Alicia, who graduated from the program last year, says that as the program’s coordinator, Brittany plays a critical role – providing the students with opportunities to learn about universities across Nova Scotia and keeping track of how they’re doing throughout the academic year. “Brittany is a huge asset to the program. She worked as an advocate for us with the university and she would check in on us. It was very helpful,” said Alicia, adding that because of AAAPS and the connections the program helped her to make she now has a clear vision of what her future could hold.

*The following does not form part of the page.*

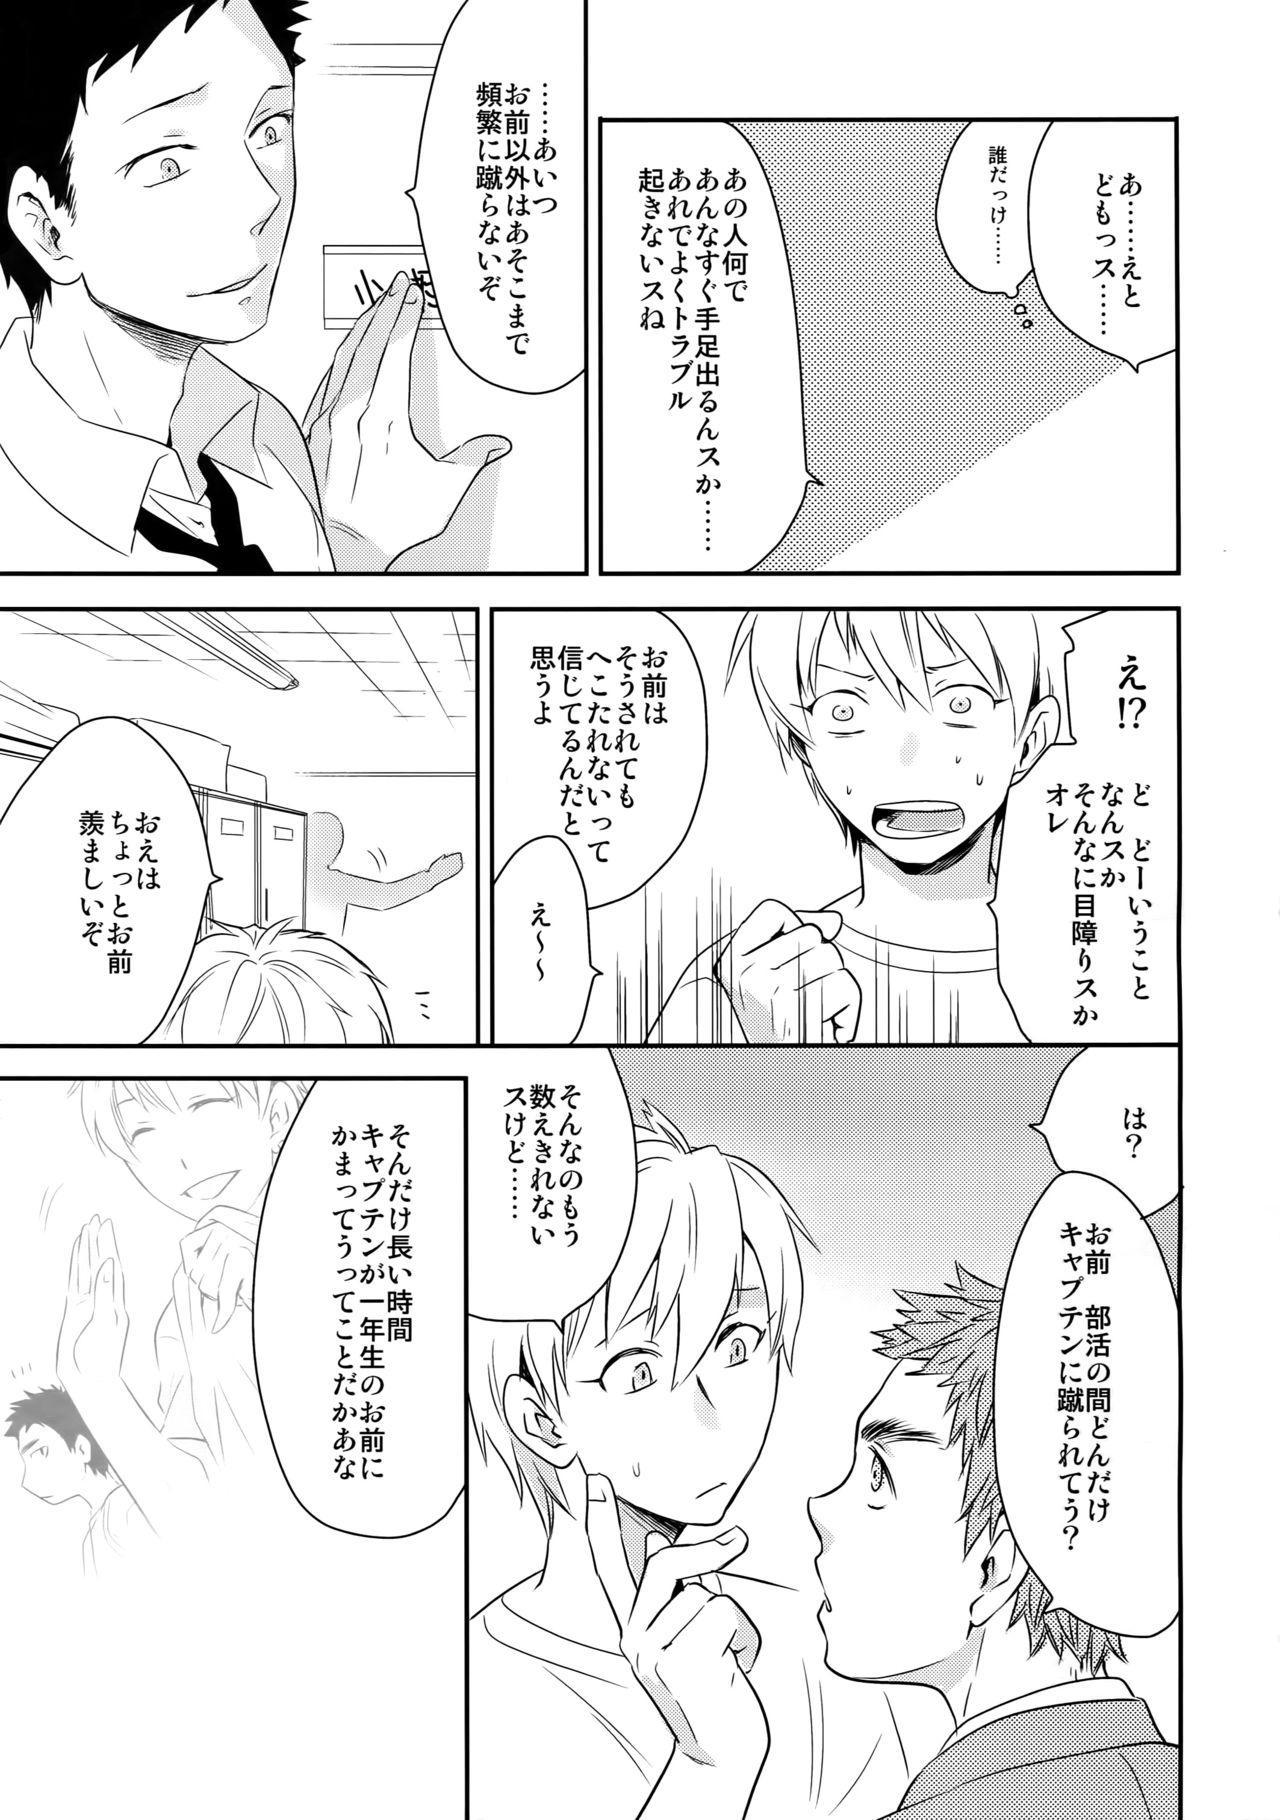 [Bakuchi Jinsei SP (Satsuki Fumi)] Kanpeki Kareshi to Zettai Ryouiki Ouji-sama - Another Version - (Kuroko no Basket) 13

“Once I graduate I hope to continue on to law school and focus on Indigenous law, possibly to do with land claims,” she said. “I connected with the Indigenous Blacks & Mi’kmaq Initiative at Dal last term. That was great too. I could see the rest of my academic life a little bit planned out. When I told them I wanted to be a lawyer, they took it to mean that was going to happen. So that was encouraging.”
Carrie’s excitement about the program is evident as she describes a recent session the AAAPS students took part in with Marie Battiste, a Mi’kmaw educator from Cape Breton’s Potlotek First Nation. “She’s really one of the biggest names in Indigenous education internationally and the students had such perceptive questions for her. There were about 40 MSVU colleagues and students participating at a distance via Zoom, but the AAAPS students were in the classroom and their energy was palpable. The conversation was totally thrilling and it was just so exciting to watch them see their potential reflected back at them.”
Adds Carrie, “Every time I walk through the doors of the Friendship Centre, I feel challenged to make MSVU more accessible and more inclusive and to respect and incorporate Indigenous ways of knowing, and that’s a really exciting challenge,” she said. “I feel mobilized and invigorated by it.”